Context and Motivation: Why This Message Was Written
To understand why the assistant issued this command, we must reconstruct the investigative chain that led to it. The preceding messages (29–51) form a deliberate, methodical descent through layers of abstraction.
The investigation began with a high-level question about SnapDeals and PoSt (Proof-of-Spacetime) circuit sizes. The assistant first queried the Lotus build parameters (parameters.json) to enumerate all proof parameter files ([msg 29] through [msg 35]). This revealed a surprising fact: there were no separate .params files for WindowPoSt or WinningPoSt — only for SnapDeals (empty-sector-update) and PoRep (stacked-proof). The assistant then checked actual file sizes on disk ([msg 36]) and found that the large .params files for 32 GiB and 64 GiB sectors had not been downloaded, suggesting they are fetched on demand.
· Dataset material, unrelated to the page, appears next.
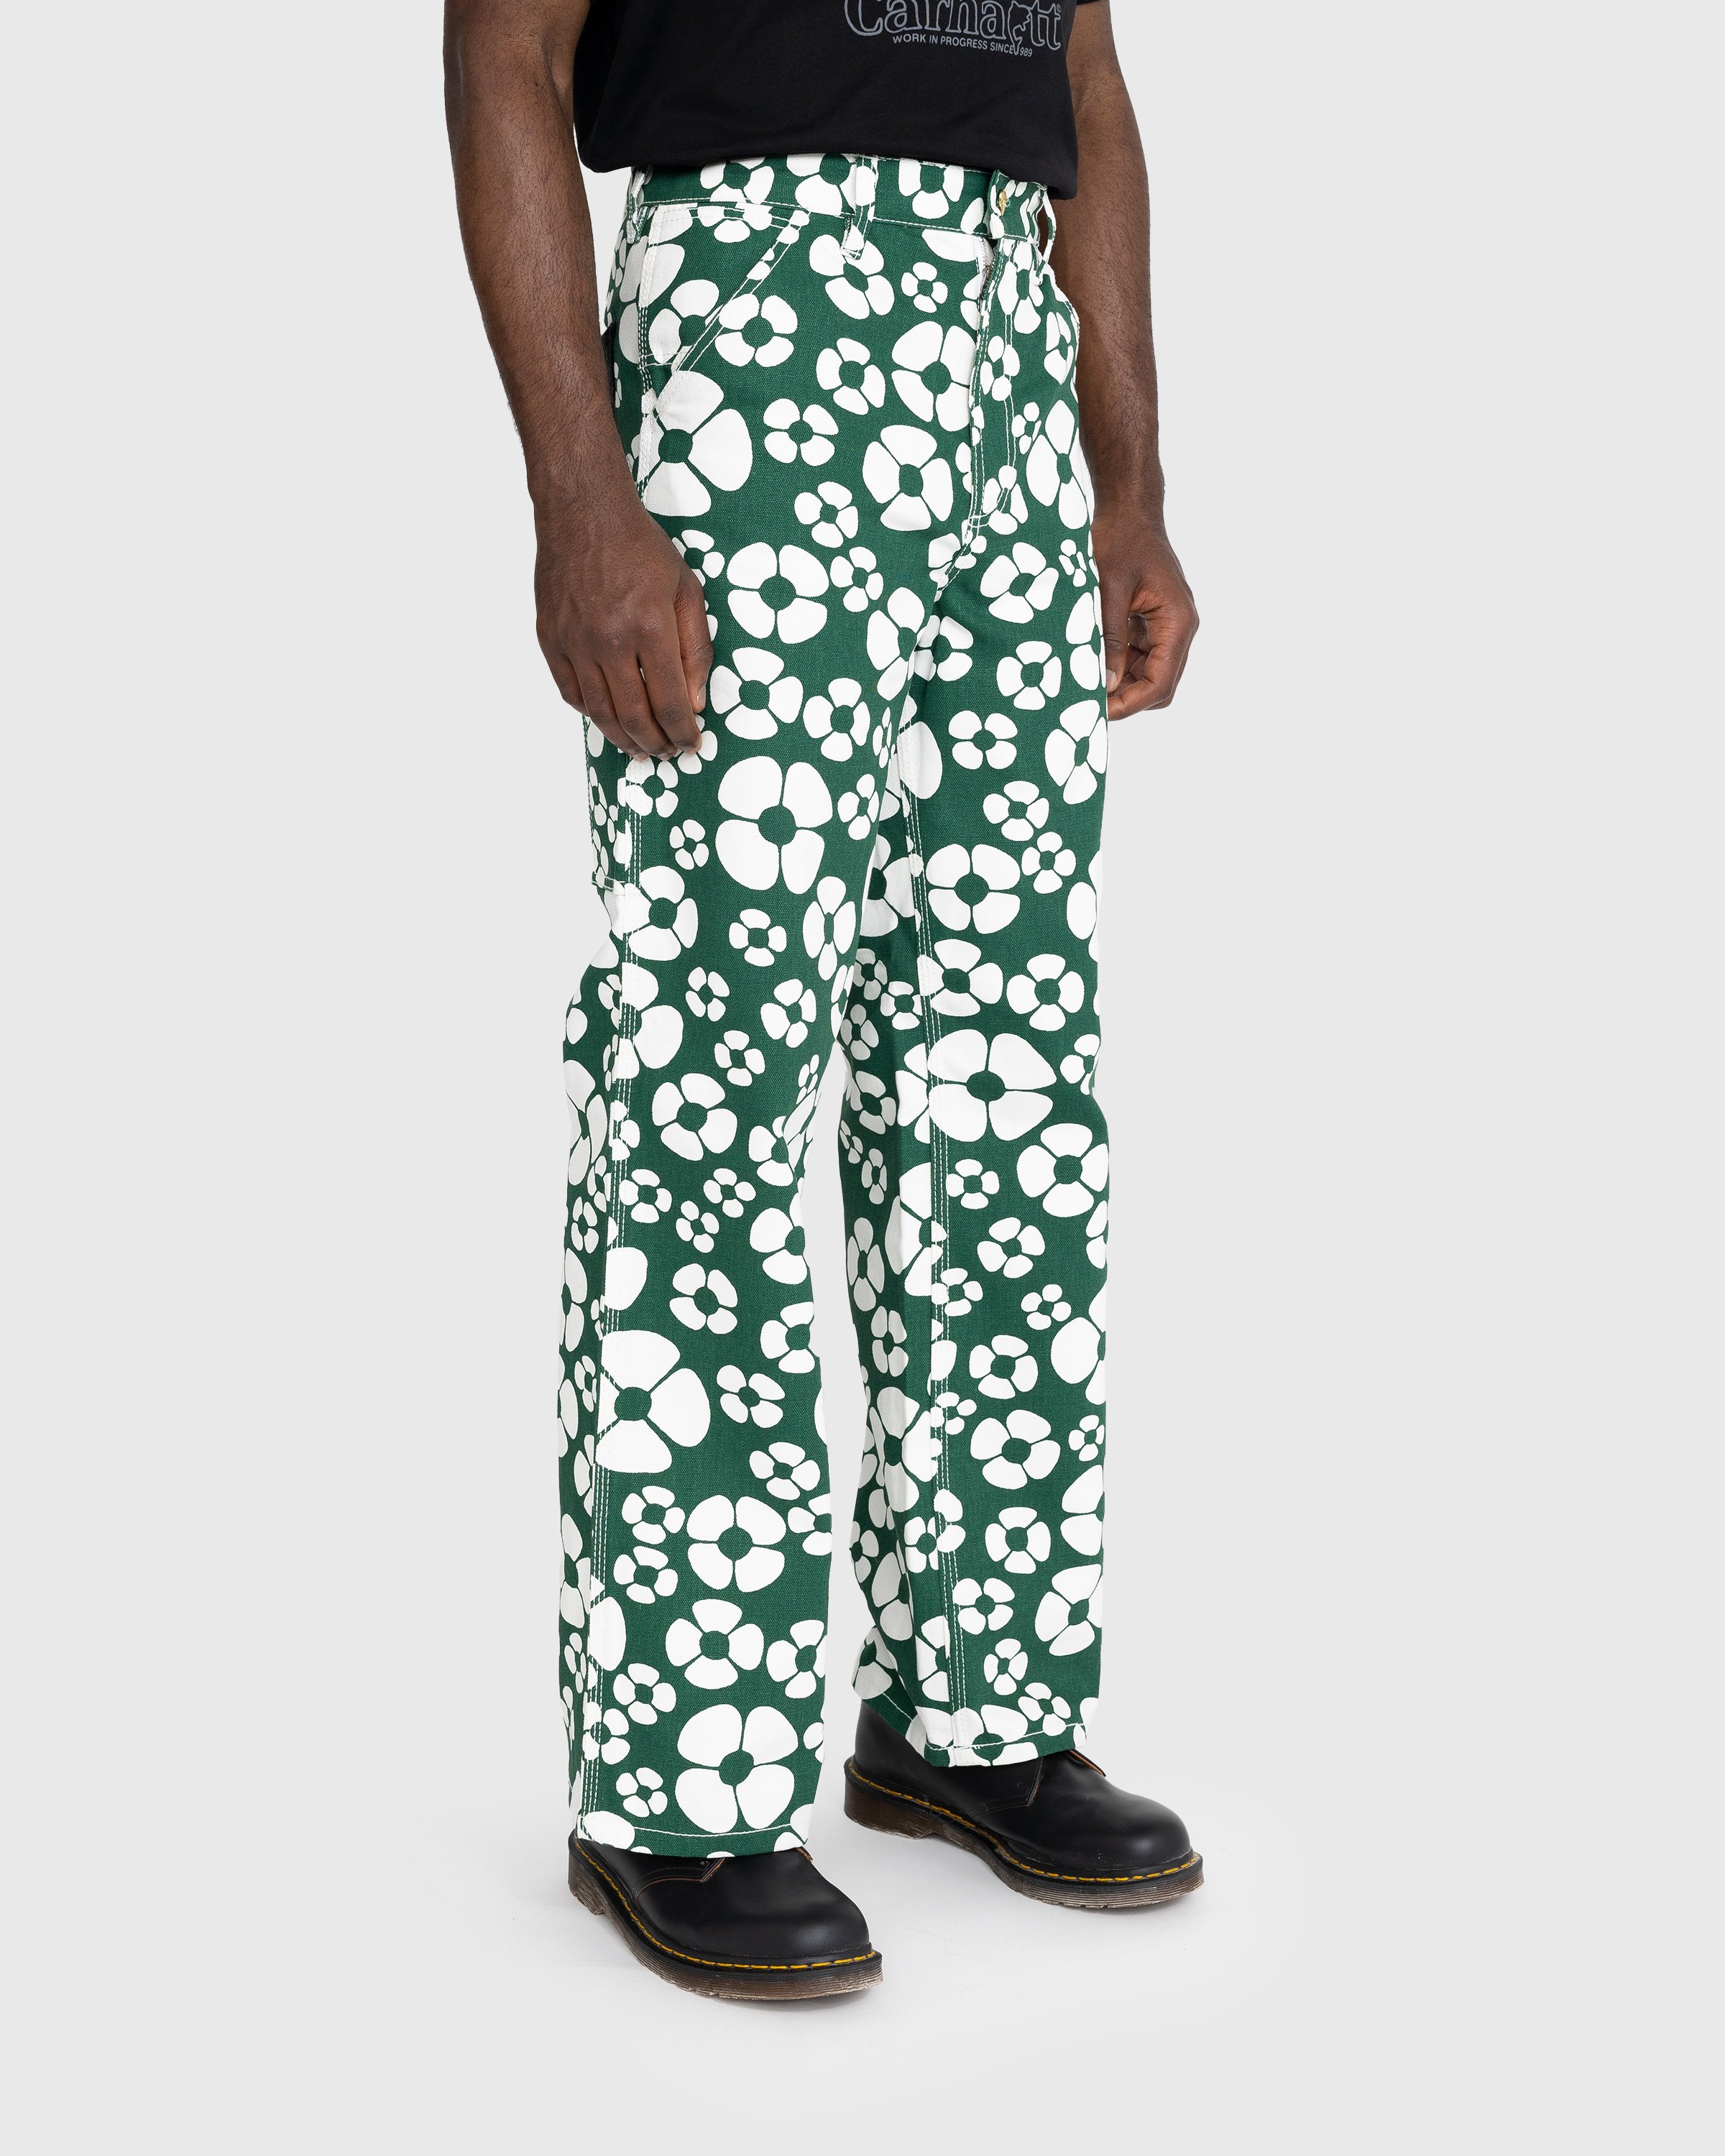 Marni x Carhartt WIP - Floral Trousers Green - Clothing - Green - Image 3

The investigation then pivoted to resource requirements. The assistant grepped for TypeDetails, ResourceTable, MaxMemory, Ram, Gpu, and GPU across the Curio task definitions ([msg 37]). This revealed the memory budgets Curio assigns to each proof type: 25 GiB for WindowPoSt (WdPostTask), 50 GiB for SnapDeals (ProveTask), and 1 GiB for WinningPoSt. These numbers are marked with comments like "todo correct value," indicating they are placeholders — a critical detail for anyone analyzing memory pressure.
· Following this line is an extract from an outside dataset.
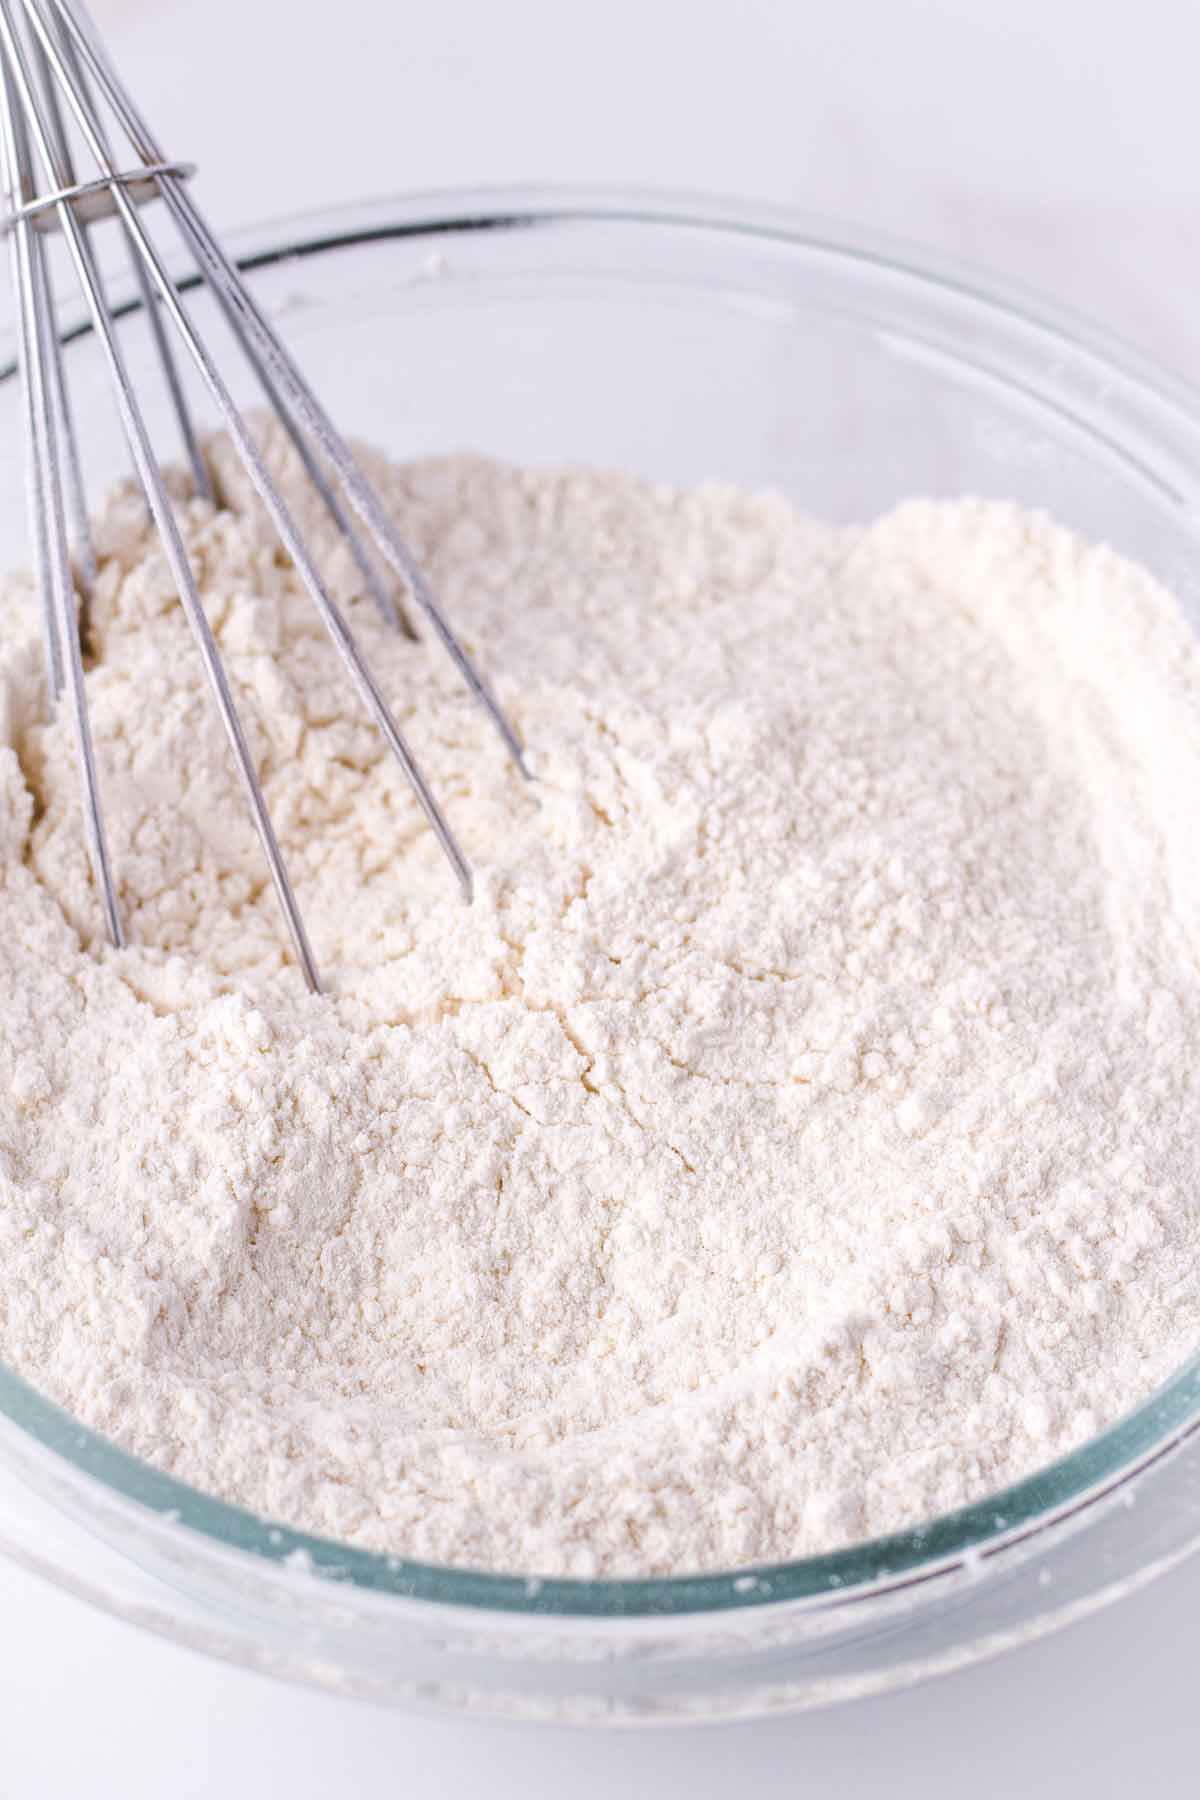 whisking dry ingredients in a mixing bowl

But the most important thread began at [msg 39], when the assistant asked: "Now let me look at how bellperson decides between supraseal-c2 and standard GPU proving. This is critical." This question — about the dispatch mechanism — is the key that unlocks the entire pipeline architecture. The assistant then located the bellperson source code ([msg 40], [msg 41]), read the prover module structure ([msg 42]), and discovered the pivotal dispatch logic in <msg id=50> and <msg id=51>:
#[cfg(not(feature = "cuda-supraseal"))]
mod native;
#[cfg(feature = "cuda-supraseal")]
mod supraseal;
#[cfg(not(feature = "cuda-supraseal"))]
use self::native as prover;
#[cfg(feature = "cuda-supraseal")]
use self::supraseal as prover;
This is a compile-time feature gate. When the cuda-supraseal feature is enabled, bellperson completely replaces the native Rust prover with the supraseal C++ prover. The entire proof generation pipeline — synthesis, NTT, MSM, and final proof construction — is delegated to the supraseal-c2 library.
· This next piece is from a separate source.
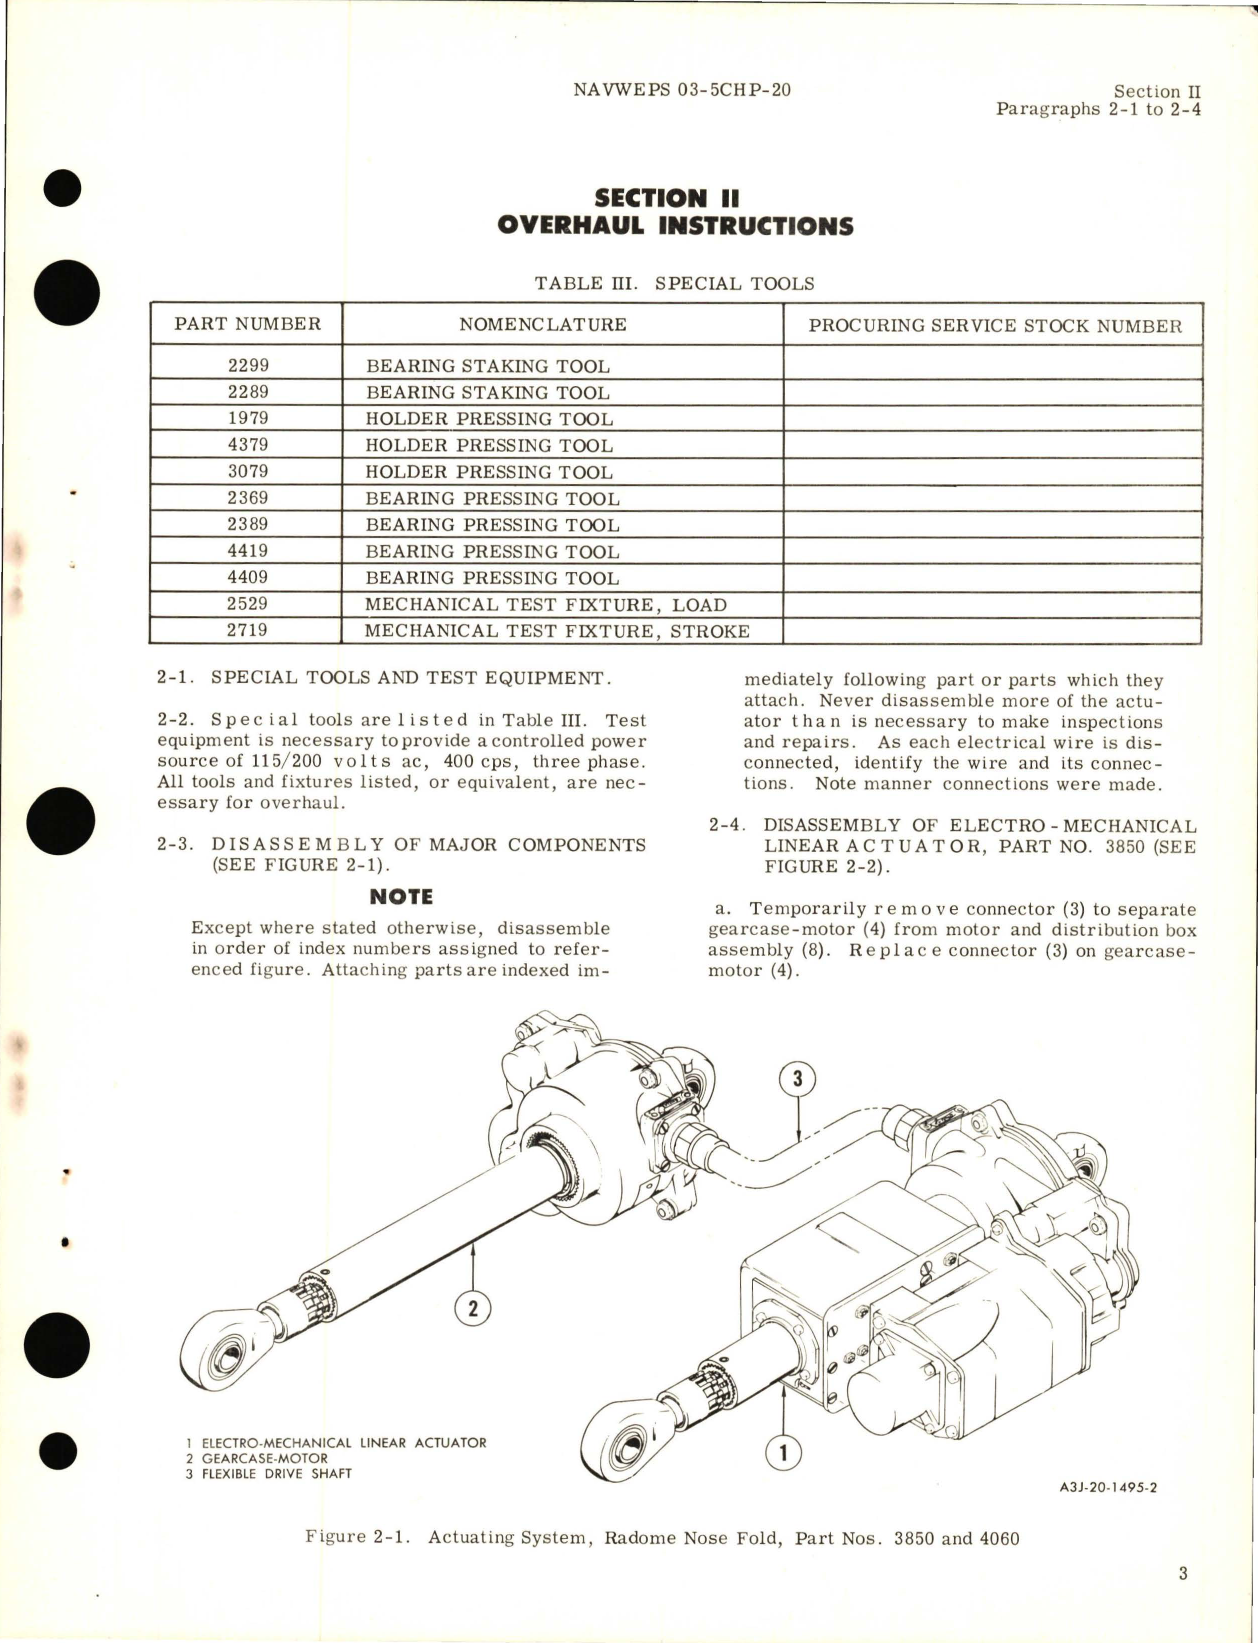 Sample page 7 from AirCorps Library document: Overhaul Instructions for Electro-Mechanical Linear Actuator 3850, 3850-1, 4060, and 4060-1

Message 52 is the direct consequence of this discovery. Having found the dispatch gate, the assistant's next logical step is to read the supraseal prover implementation itself. The command head -80 is not arbitrary; it is a targeted read of the first 80 lines, which typically contain the module's doc comment, imports, and function signatures — enough to understand the module's structure and interface without drowning in implementation details.
The Thinking Process Visible in the Message
The assistant's reasoning is visible in the framing comment: "Now let me see the supraseal prover path." This is not a random exploration. It is a deliberate, goal-directed action driven by a specific hypothesis: that the supraseal prover is the actual implementation used in production for GPU-accelerated Groth16 proving, and that understanding its code is essential to mapping the full call chain from Curio to CUDA kernels.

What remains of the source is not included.